Data segment:

+ + + +

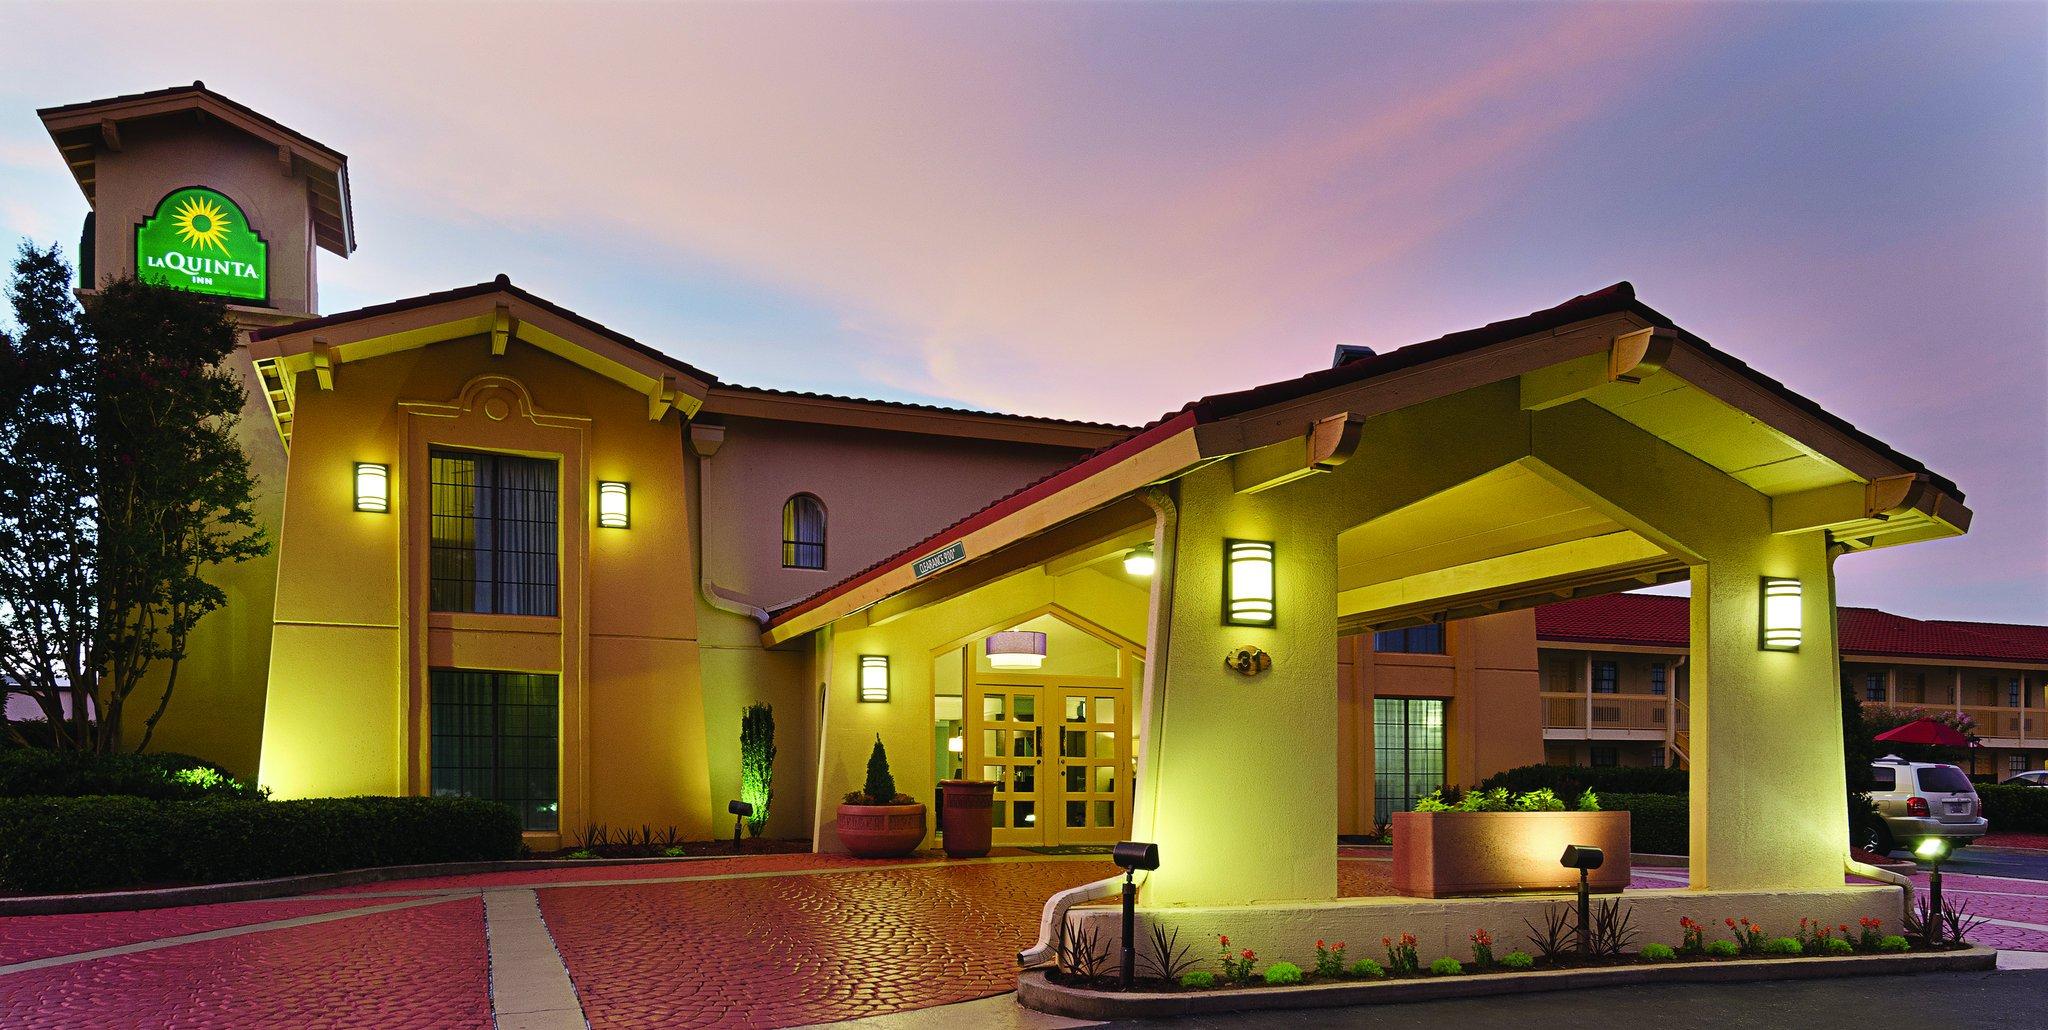 Baymont Inn & Suites Greenville Woodruff Rd
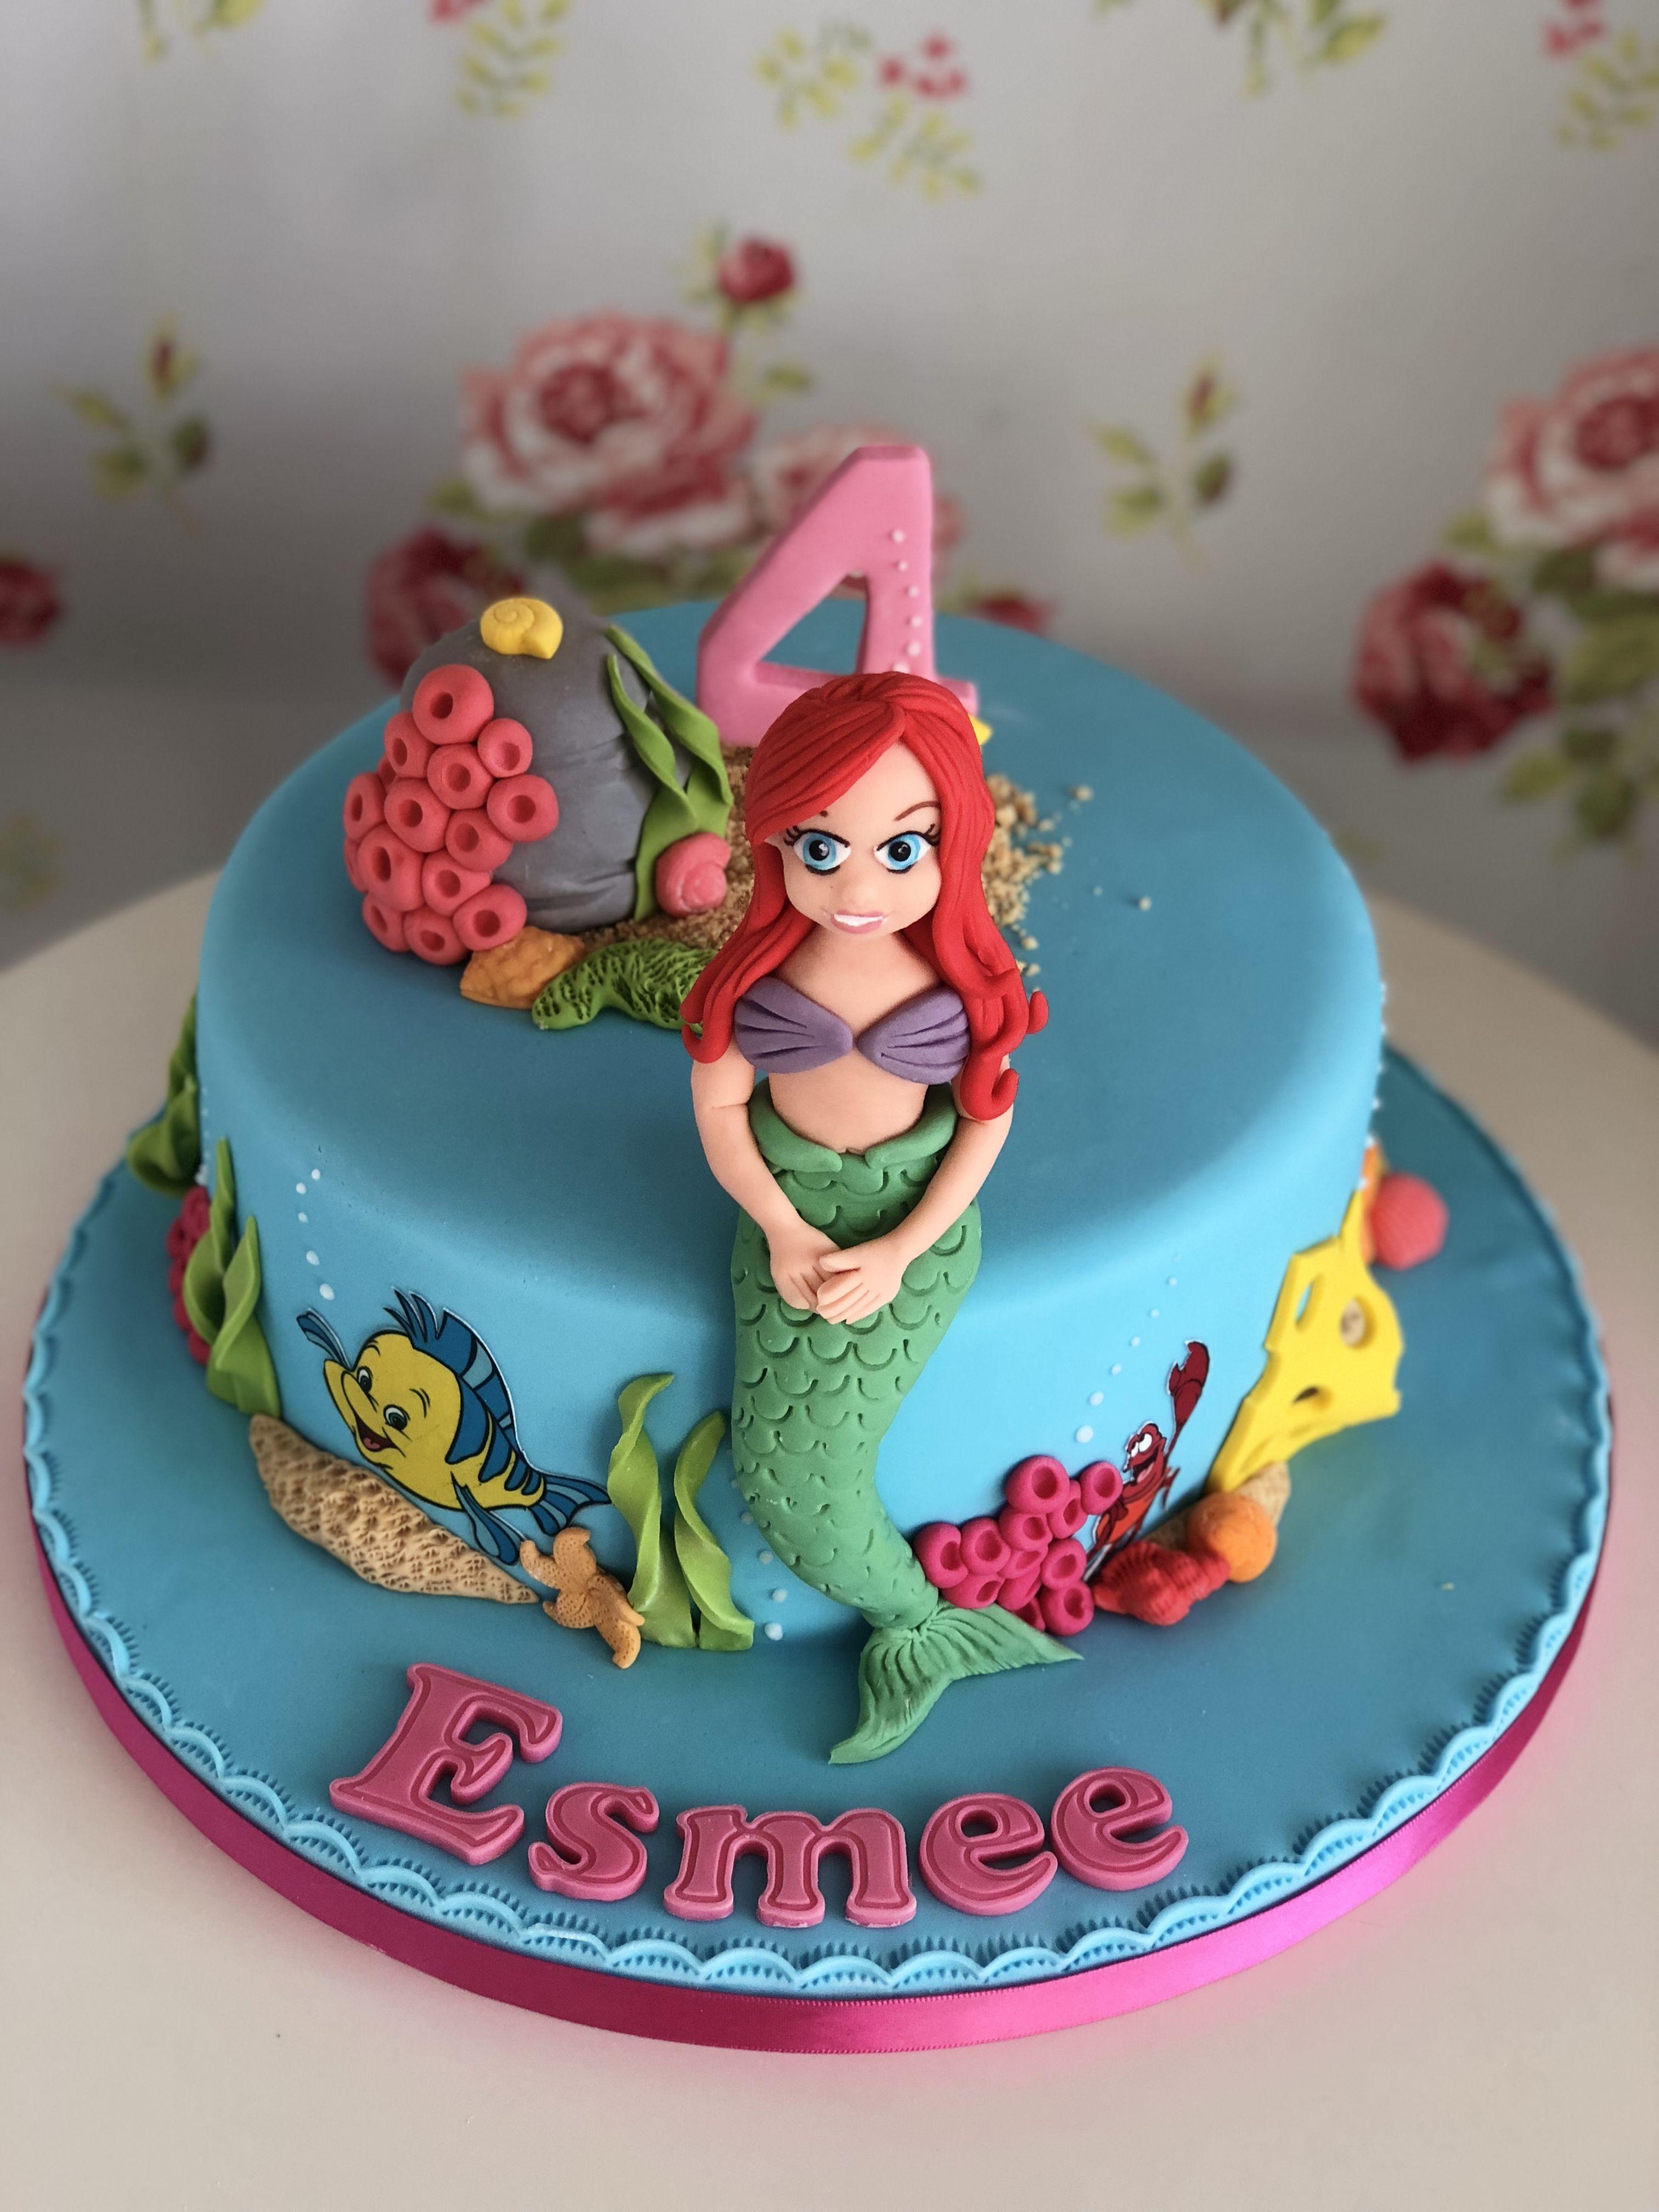 Ariel cake omg
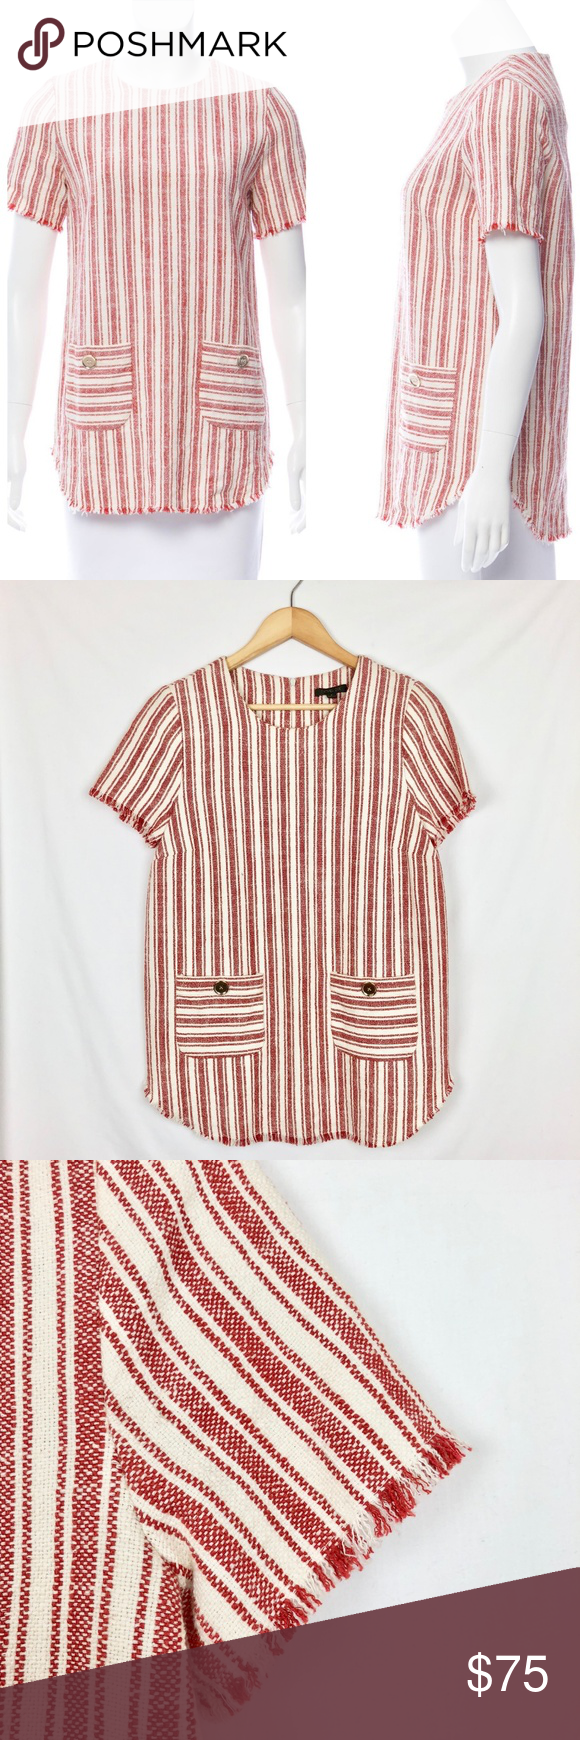 Rachel zoe striped short sleeved top sz my posh closet
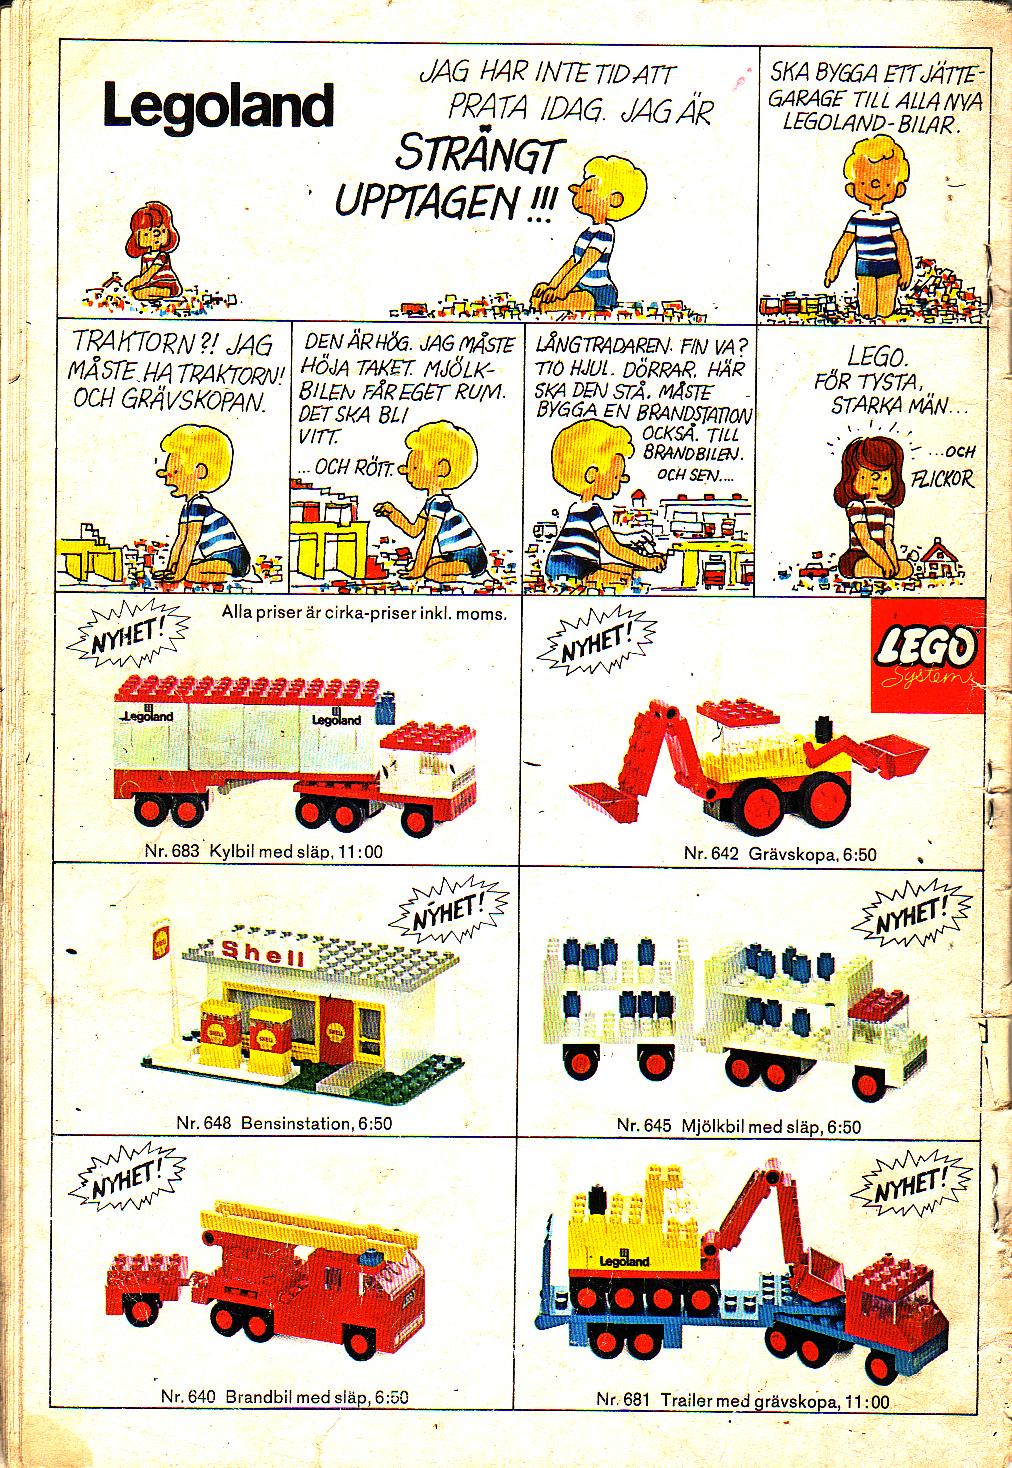 legoland1971.jpg

+ + + +

Work instructions:
All of the lines above must be repeated without alteration, though the pictures are to be excluded.

Exercise response:
 Baymont Inn & Suites Greenville Woodruff Rd
 Ariel cake omg
 Rachel zoe striped short sleeved top sz my posh closet
 legoland1971.jpg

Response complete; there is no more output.